Institute of Organic Chemistry named after N. D. Zelinsky
Academy of Sciences of the USSR
Received
28 VI 1957
CITED LITERATURE
- R. Truttlault, C. R., 202, 1286 (1936).
- W. S. Calcott, J. M. Tinker, V. Weinmayer, J. Am. Chem. Soc., 61, 1010 (1939).
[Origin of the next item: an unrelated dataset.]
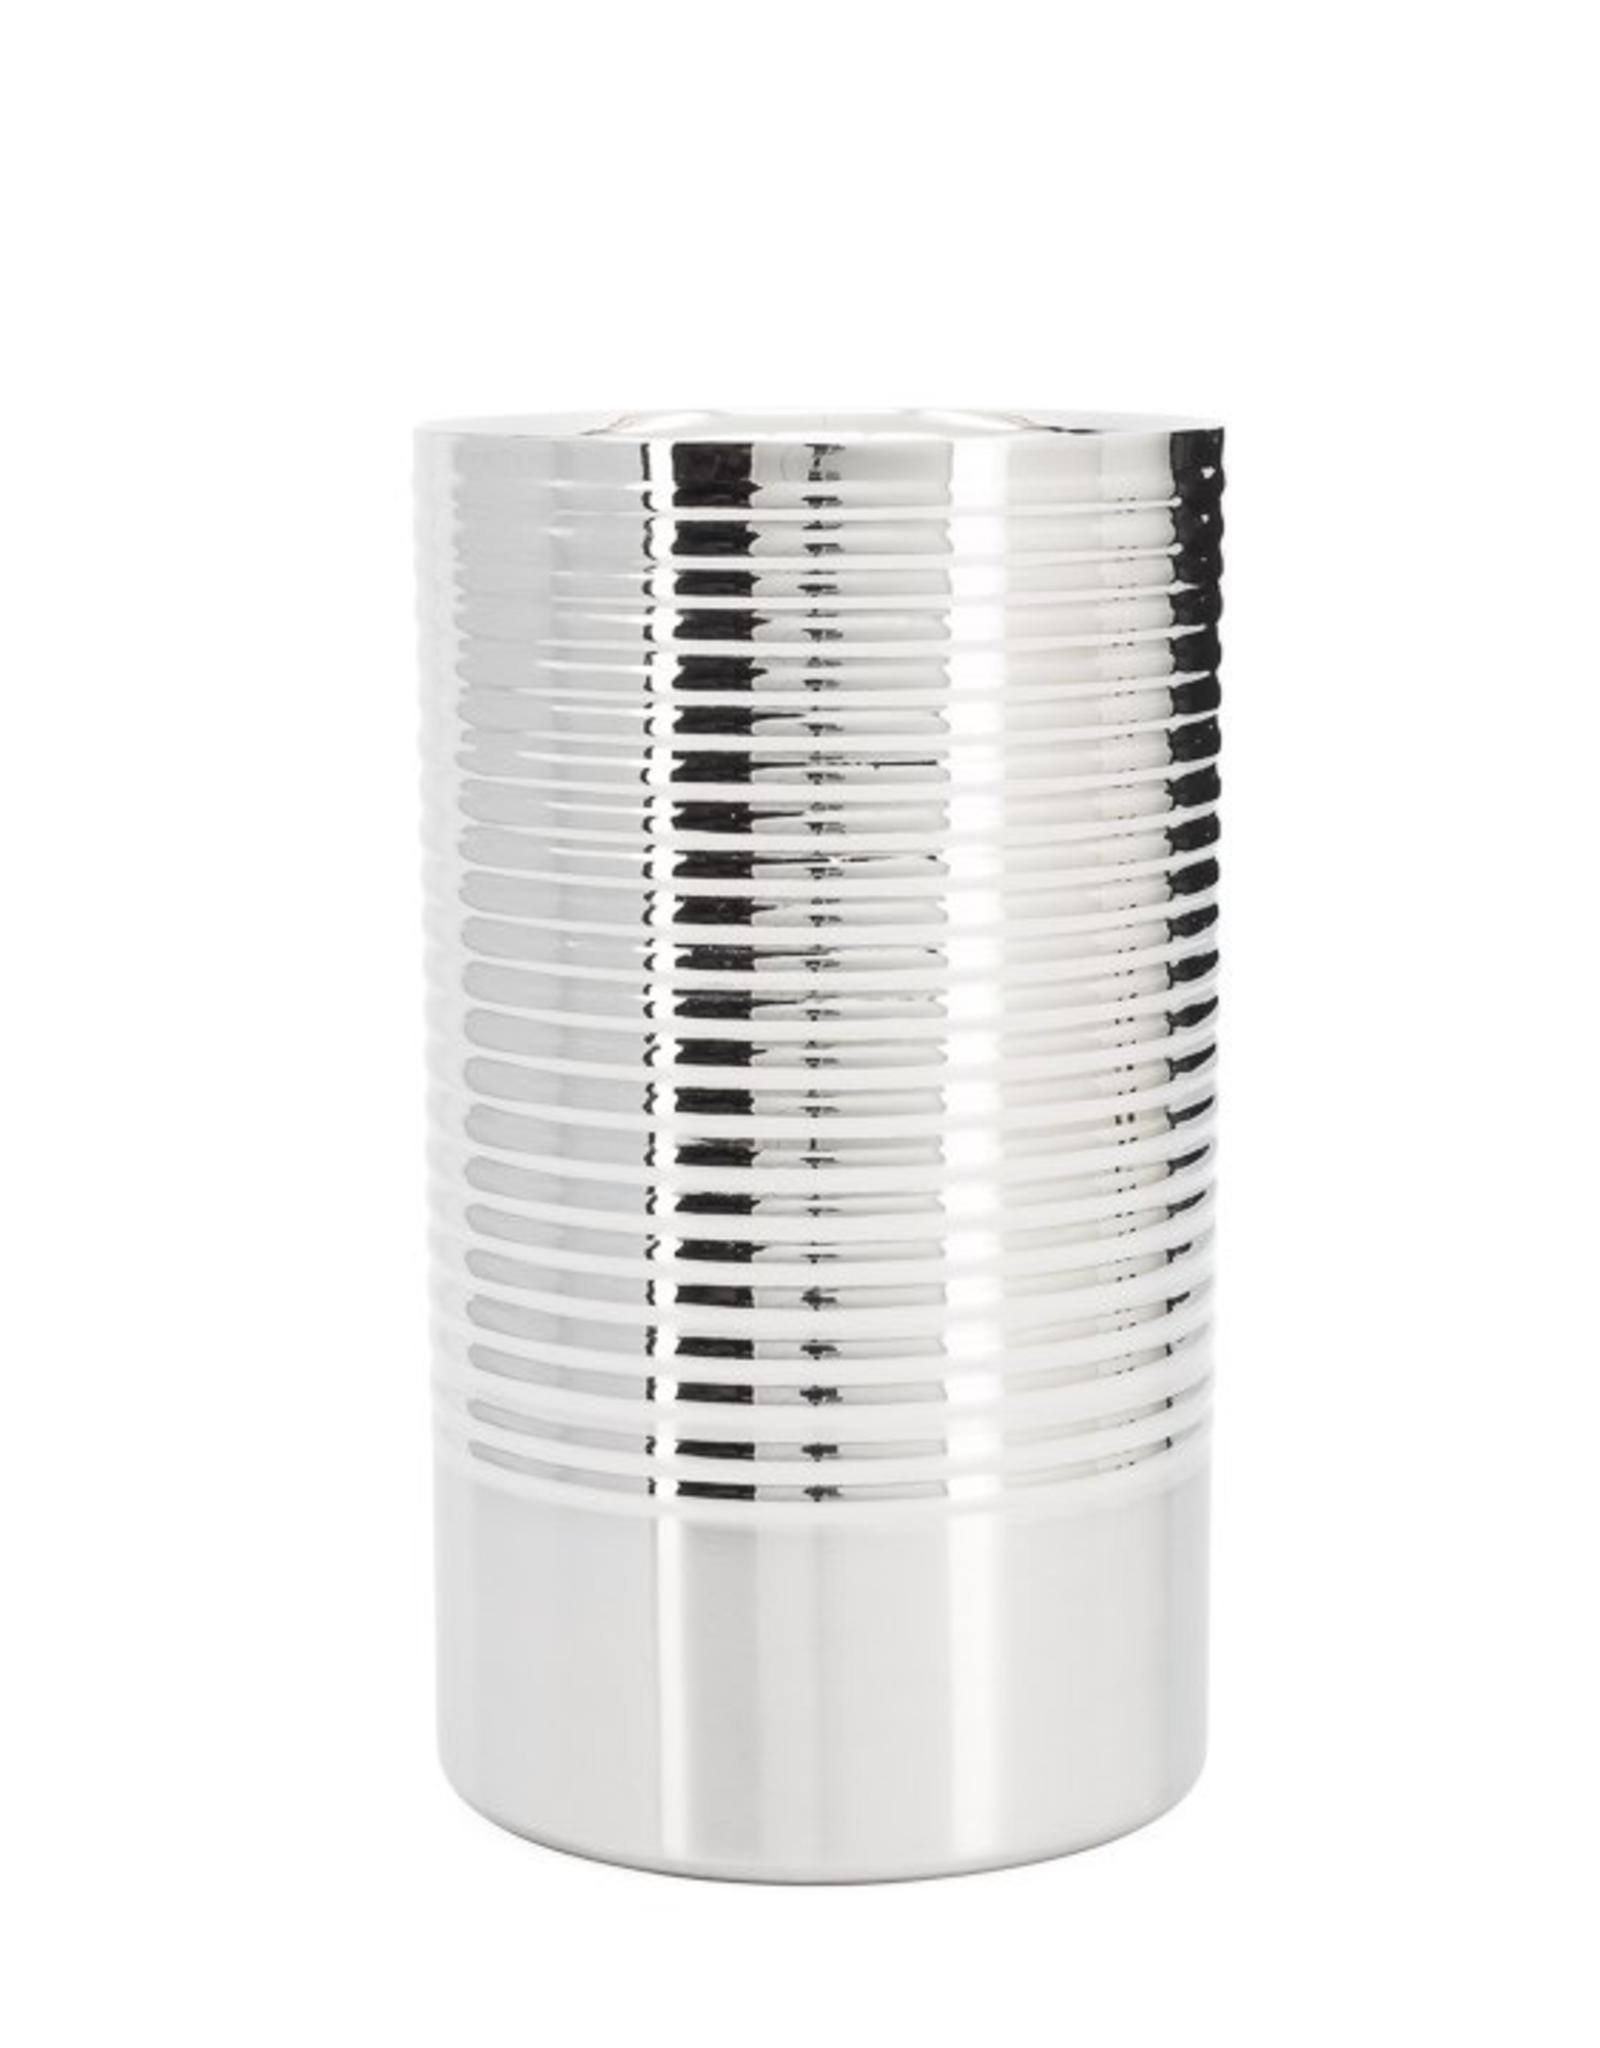 Axis Wine Cooler

- F. C. Whitmore, C. A. Weisgerber, A. C. Shabica, J. Am. Chem. Soc., 65, 1469 (1943).
- L. Schmerling, V. N. Ipatieff, J. Am. Chem. Soc., 67, 862 (1945).
- S. Archer, J. D. Malkemus, C. M. Suter, J. Am. Chem. Soc., 67, 43 (1945).
- M. E. Smith, J. Am. Chem. Soc., 43, 1920 (1921).
- B. A. Kazanskii, M. Yu. Lukina, Izv. AN SSSR, OKhN, 1951, 47.
- E. A. Braude, C. J. Timmons, J. Chem. Soc., 1950, 2000.
- J. T. Grasson, K. W. Greenlee; J. M. Derfer, C. E. Boord, J. Am. Chem. Soc., 75, 3344 (1953).
- D. Nightingale, R. G. Taylor, H. W. Smelzer, J. Am. Chem. Soc., 63, 258 (1941).
- V. N. Ipatieff, B. B. Corson, H. Pines, J. Am. Chem. Soc., 58, 919 (1936).
- V. N. Ipatieff, L. Schmerling, J. Am. Chem. Soc., 60, 1476 (1938).